Пытаясь перевести дыхание, Алёна беспомощно лежала плашмя,
глядя, как Грицко расстегнул темно-синие форменные шорты и одним движением
бедер спустил их вниз. Она зажмурилась, не желая видеть того, что восставало из
черной гущи волос, и вдруг до нее дошло, что сейчас произойдет. До этого все,
даже жадные руки Грицка, даже его удары были словно бы чем-то нереальным, как
страшный сон, от которого надо только проснуться… Теперь Алёна сообразила, что
проснуться не удастся.
Грицко ринулся к ней, и тогда, сильно поджав ноги, она резко
распрямила их, угодив ему в грудь.
Грицко отлетел к двери, ударился в нее, а потом его так же
стремительно отбросило вперед, словно резинового. Такое впечатление, что двери,
как и Алёне, было до тошноты противно его прикосновение! Алёна едва успела
вскочить с кровати, как Грицко плюхнулся на нее вниз лицом и на какой-то миг
замер, постанывая. Этого мгновения Алёне хватило, чтобы с изумлением взглянуть
на дверь-помощницу – и понять, что дверь тут ни при чем. В проеме стоял
какой-то мужчина, и именно его толчок поверг охальника Грицка плашмя.
«Еще один?» – была первая, исполненная ужаса мысль. «Я его
где-то видела», – мелькнула вторая. «Юрий?!» – прилетела третья.

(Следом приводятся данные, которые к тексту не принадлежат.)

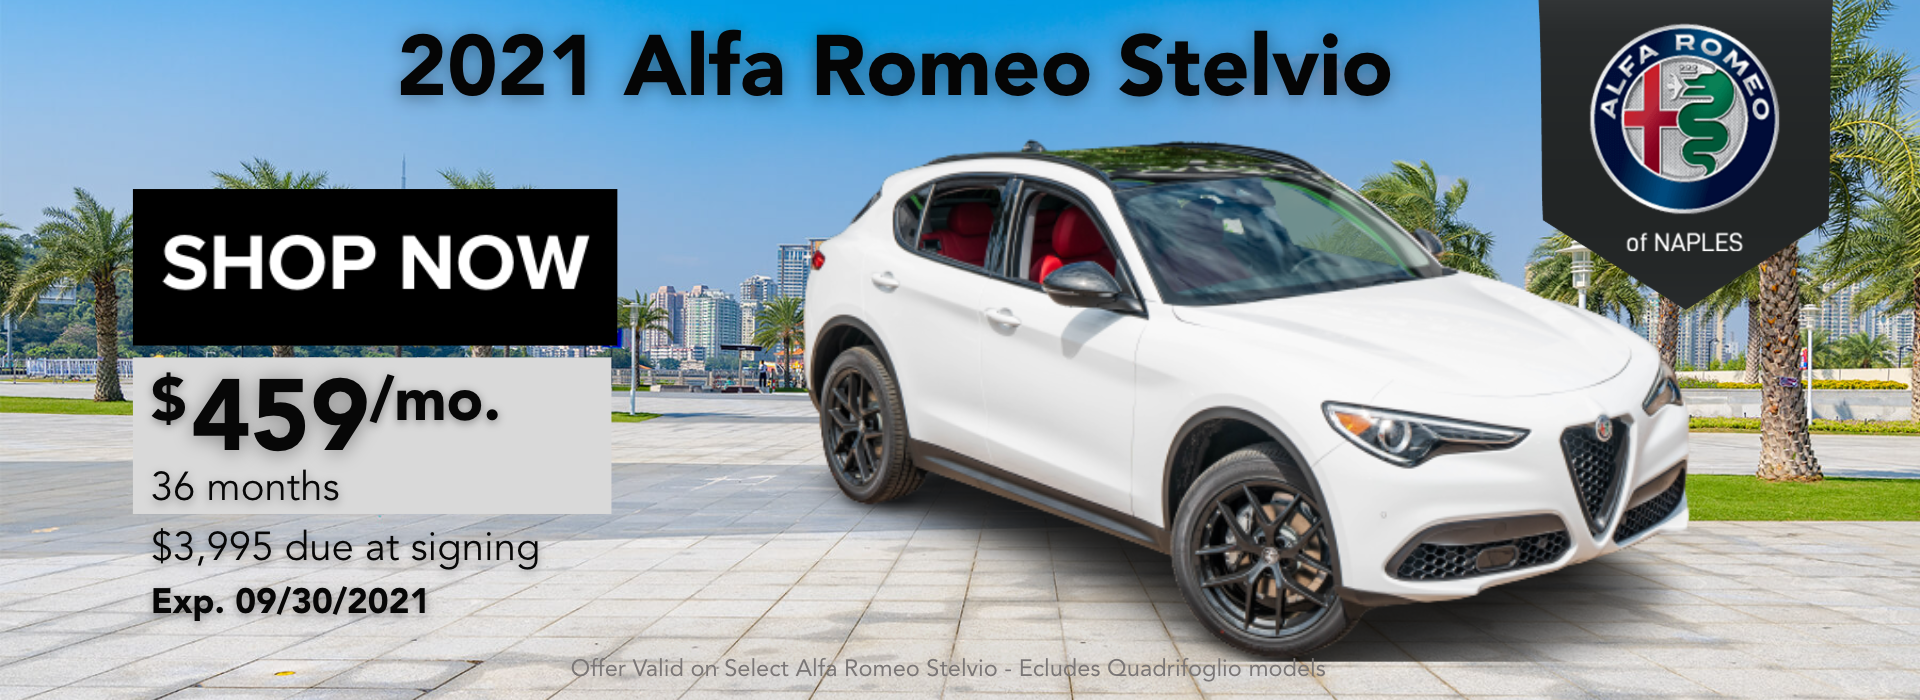 2021_Alfa Romeo_Stelvio_Quadrifoglio_Sat Sep 04 2021 09_08_16 GMT-0400 (Eastern Daylight Time)

Точно, это был он – какой-то ужасно бледный, еще более
высокий и худой, чем запомнилось Алёне. Не глядя, сорвал покрывало с ближней
койки, швырнул его Алёне, даже не удостоив ее взглядом, а потом ринулся вперед
и сгреб Грицка за плечи, подняв его на воздух. На миг мелькнуло изумленное лицо
старпома, влекомого к двери, и тут же он оказался вышвырнут из каюты сильнейшим
броском. Загудела переборка, в которую влип Грицко. Алёна еще успела увидеть,
как он, вытаращив глаза, сползает на пол, но Юрий тут же захлопнул дверь и повернул
ручку.
Из коридора послышался стон, захлебывающийся мат, затем
Грицко выкрикнул:
– Выкину за борт, разрази меня гром! На хрен выкину! –
Далее последовало нечто, к счастью, непереводимое.
Вслед за этим послышались неуверенные шаркающие шаги,
которые вскоре стихли.
Грицко ушел – теперь, надо думать, окончательно. Но Алёна
все еще не могла поверить в это.
– У него ключи, – выдавила Алёна.
Юрий глянул исподлобья, но тотчас отвернулся, и она
сообразила, что как поймала покрывало, так и держит его в охапке. Торопливо
обмоталась на манер сари, и Юрий осмелился посмотреть на нее. По лицу его
скользнула слабая улыбка, в руках что-то зазвенело:
– Нету у него больше никаких ключей.
На его пальце качалась знаменитая связка, имущество «второго
после Бога».
Алёна обреченно закрыла глаза.
– Ну, все… Теперь мы пропали. Точно: или за борт выкинет,
или высадит на берег, или пограничникам сдаст.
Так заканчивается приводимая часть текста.